• **Problem description**
Set down each line of the data below exactly as it stands, dropping the pictures.

• **Data excerpt**
= Beginning of Section =

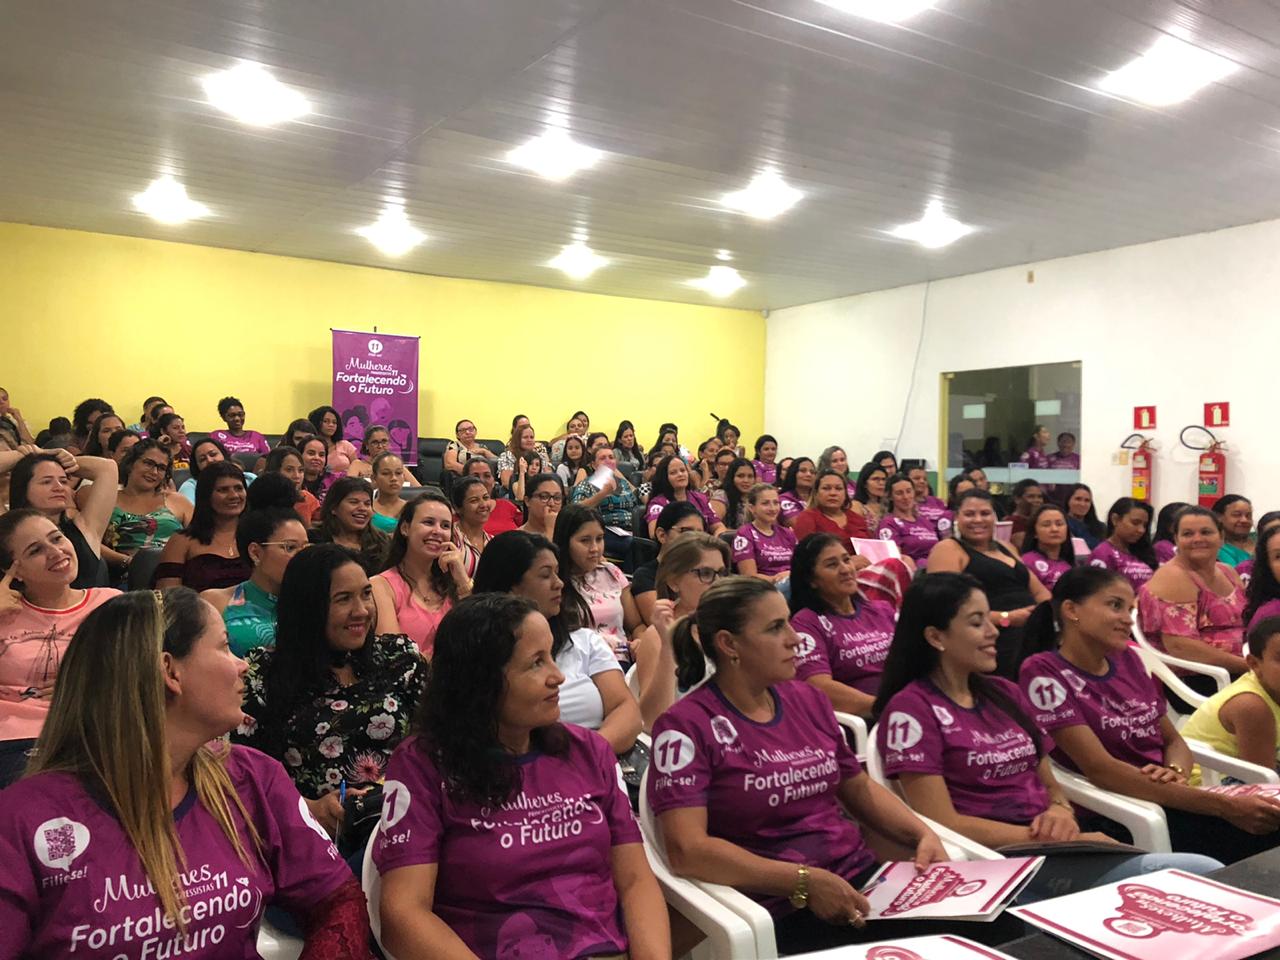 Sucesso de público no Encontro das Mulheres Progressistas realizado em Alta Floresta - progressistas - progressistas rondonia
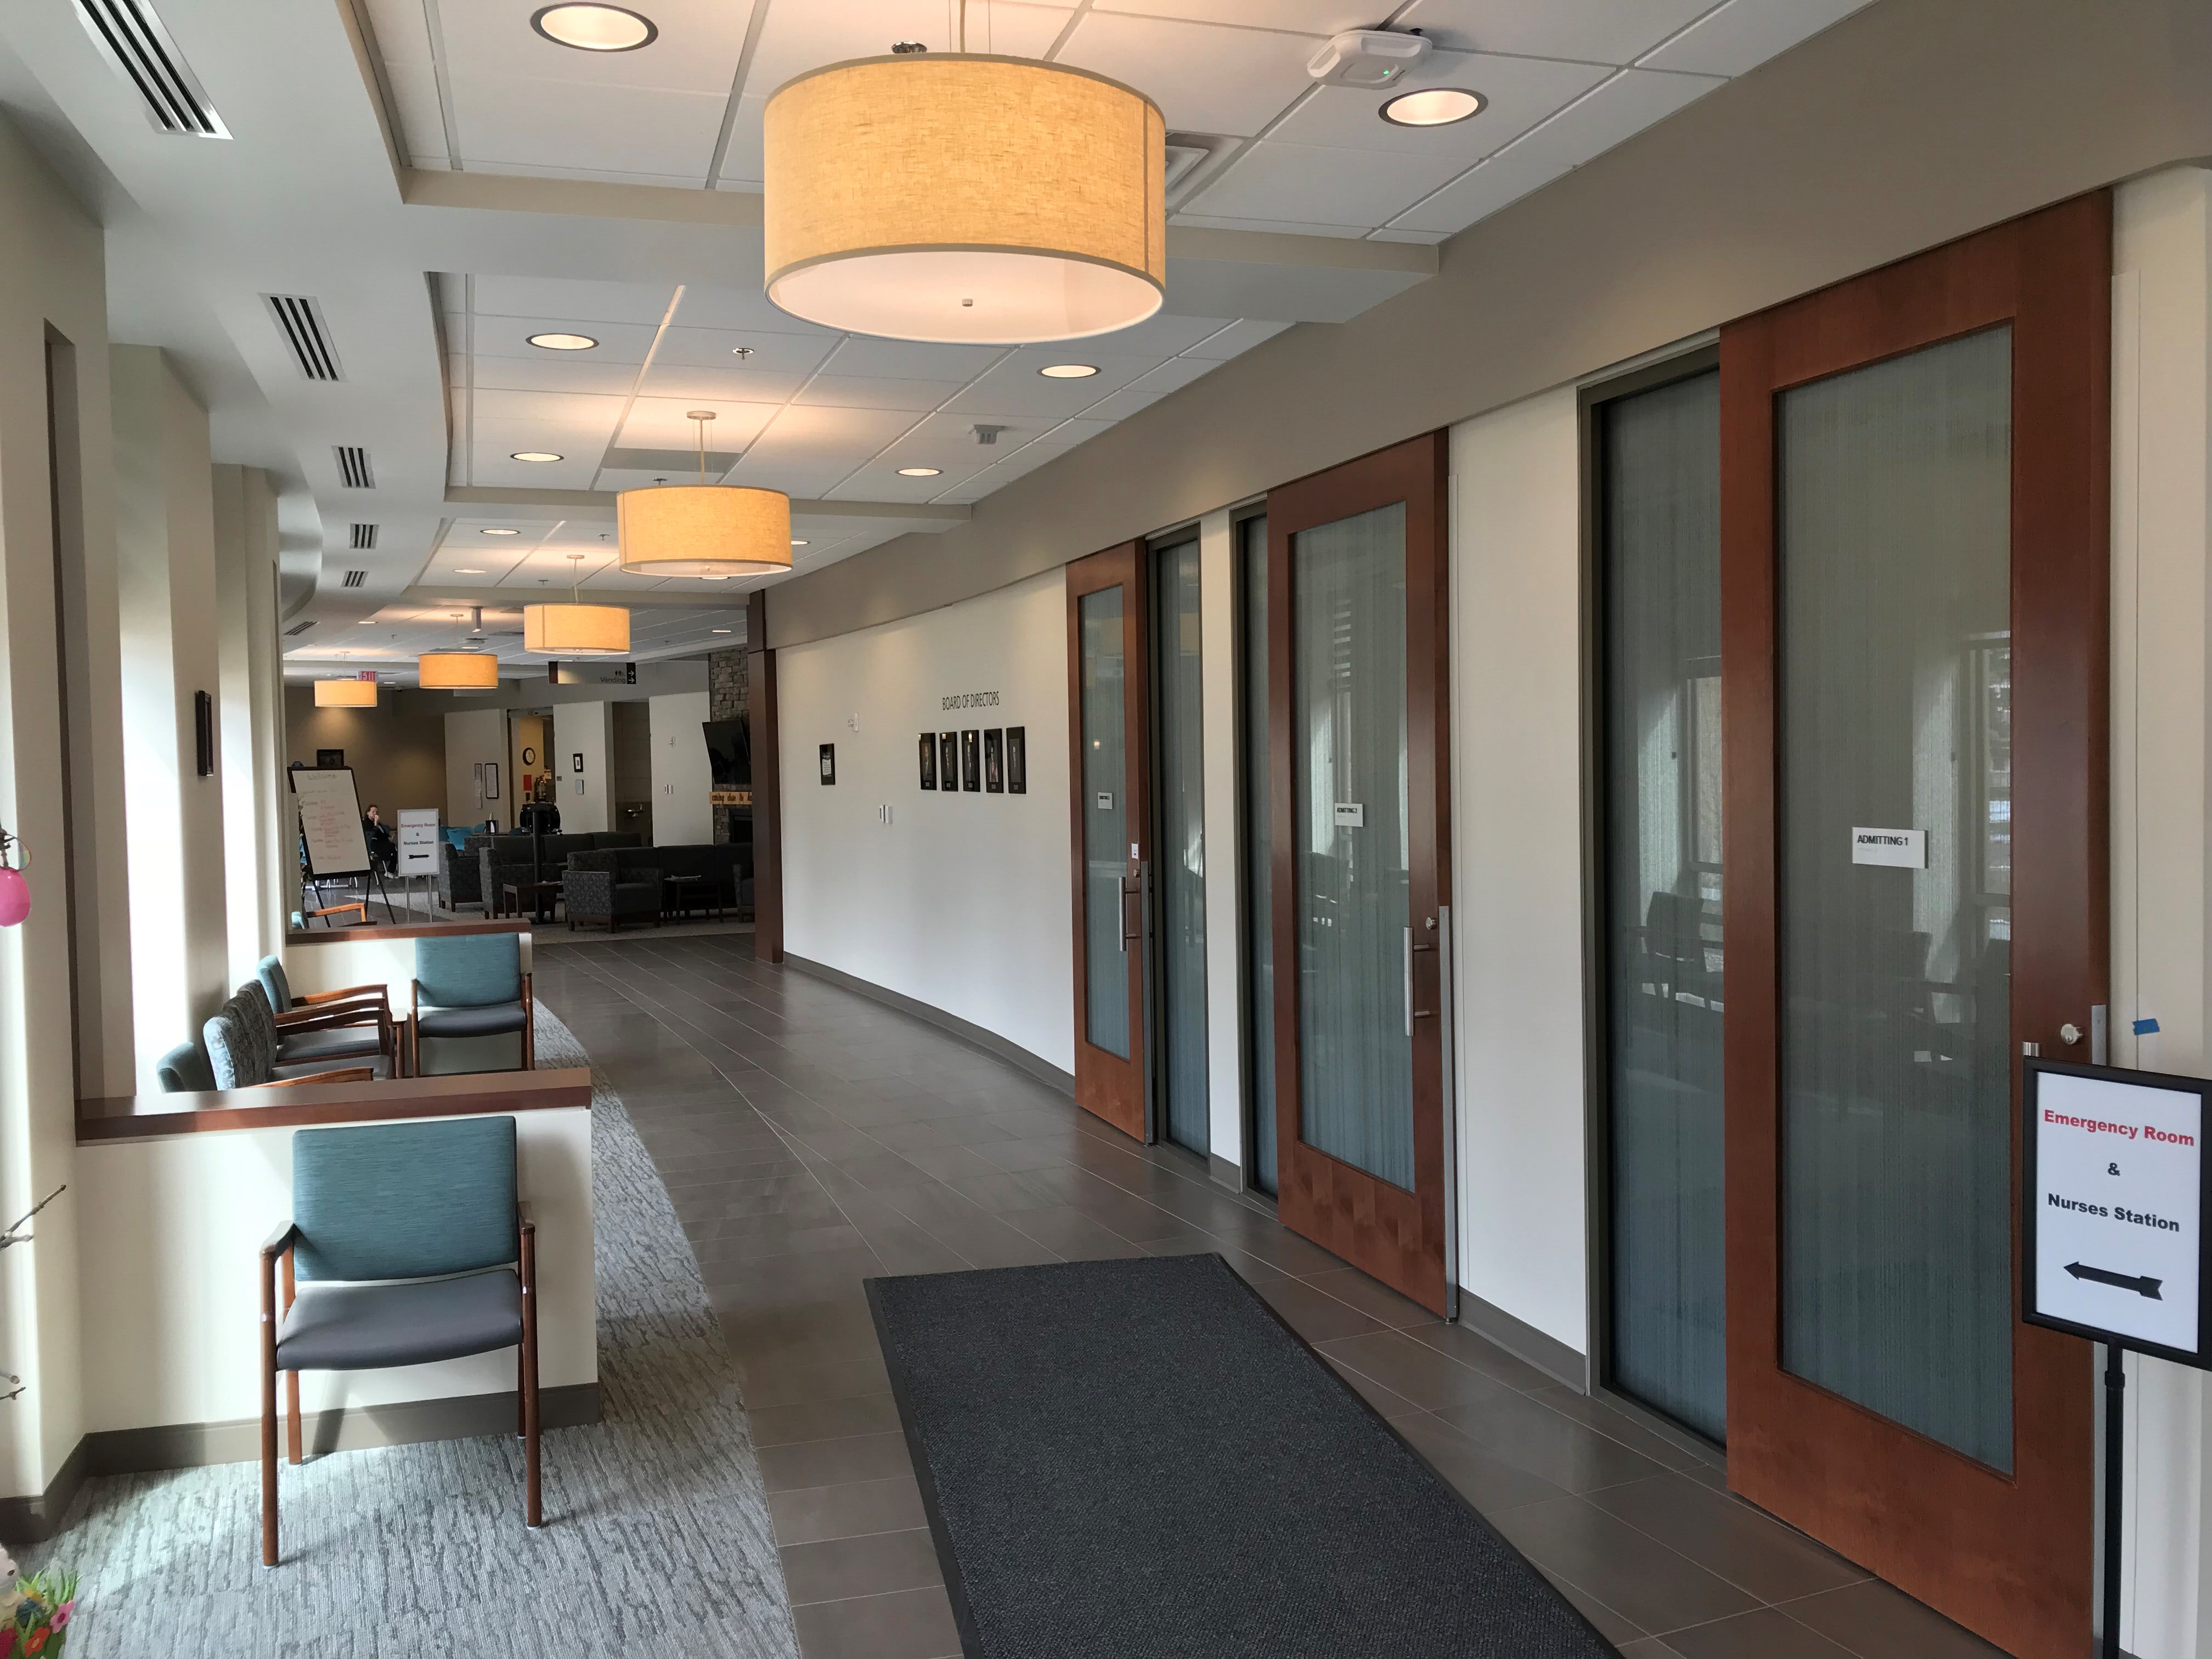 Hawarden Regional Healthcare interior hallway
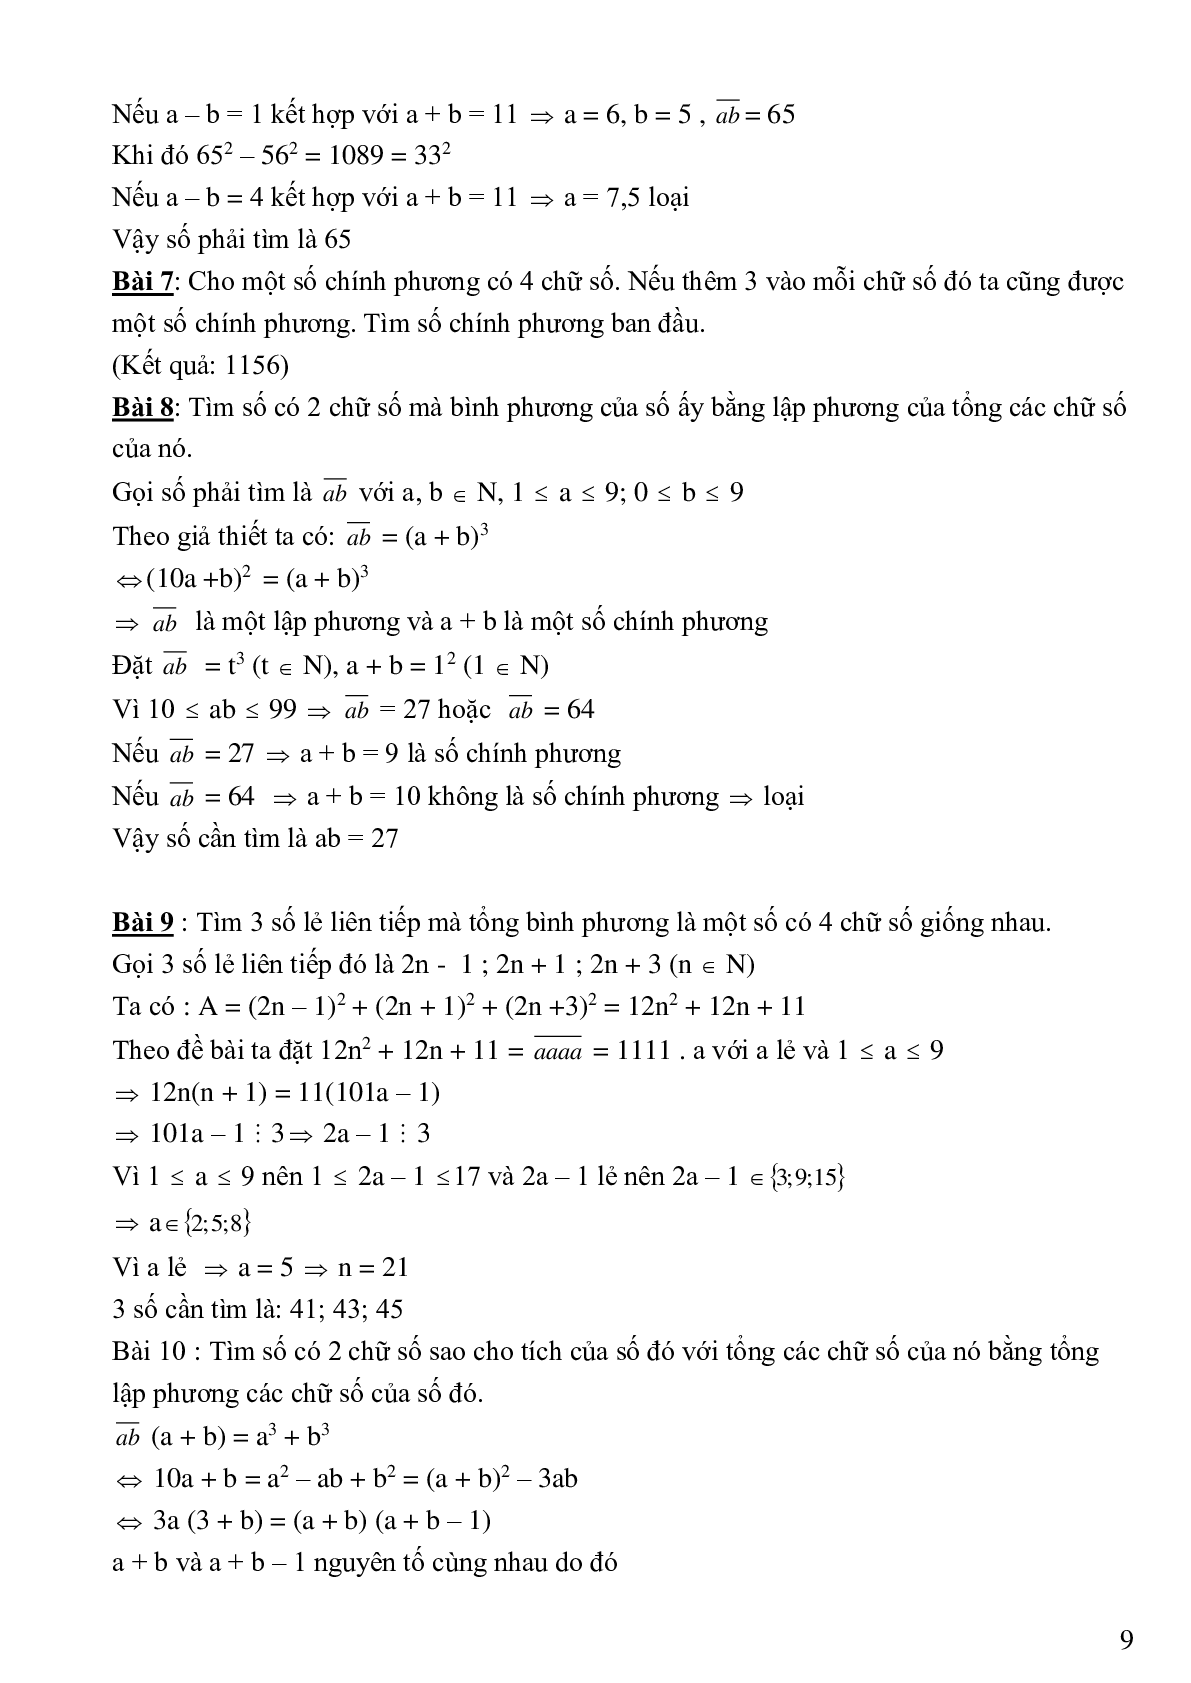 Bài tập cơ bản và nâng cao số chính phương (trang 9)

= End of Section =

• **Written solution**
 Sucesso de público no Encontro das Mulheres Progressistas realizado em Alta Floresta - progressistas - progressistas rondonia
 Hawarden Regional Healthcare interior hallway
 Bài tập cơ bản và nâng cao số chính phương (trang 9)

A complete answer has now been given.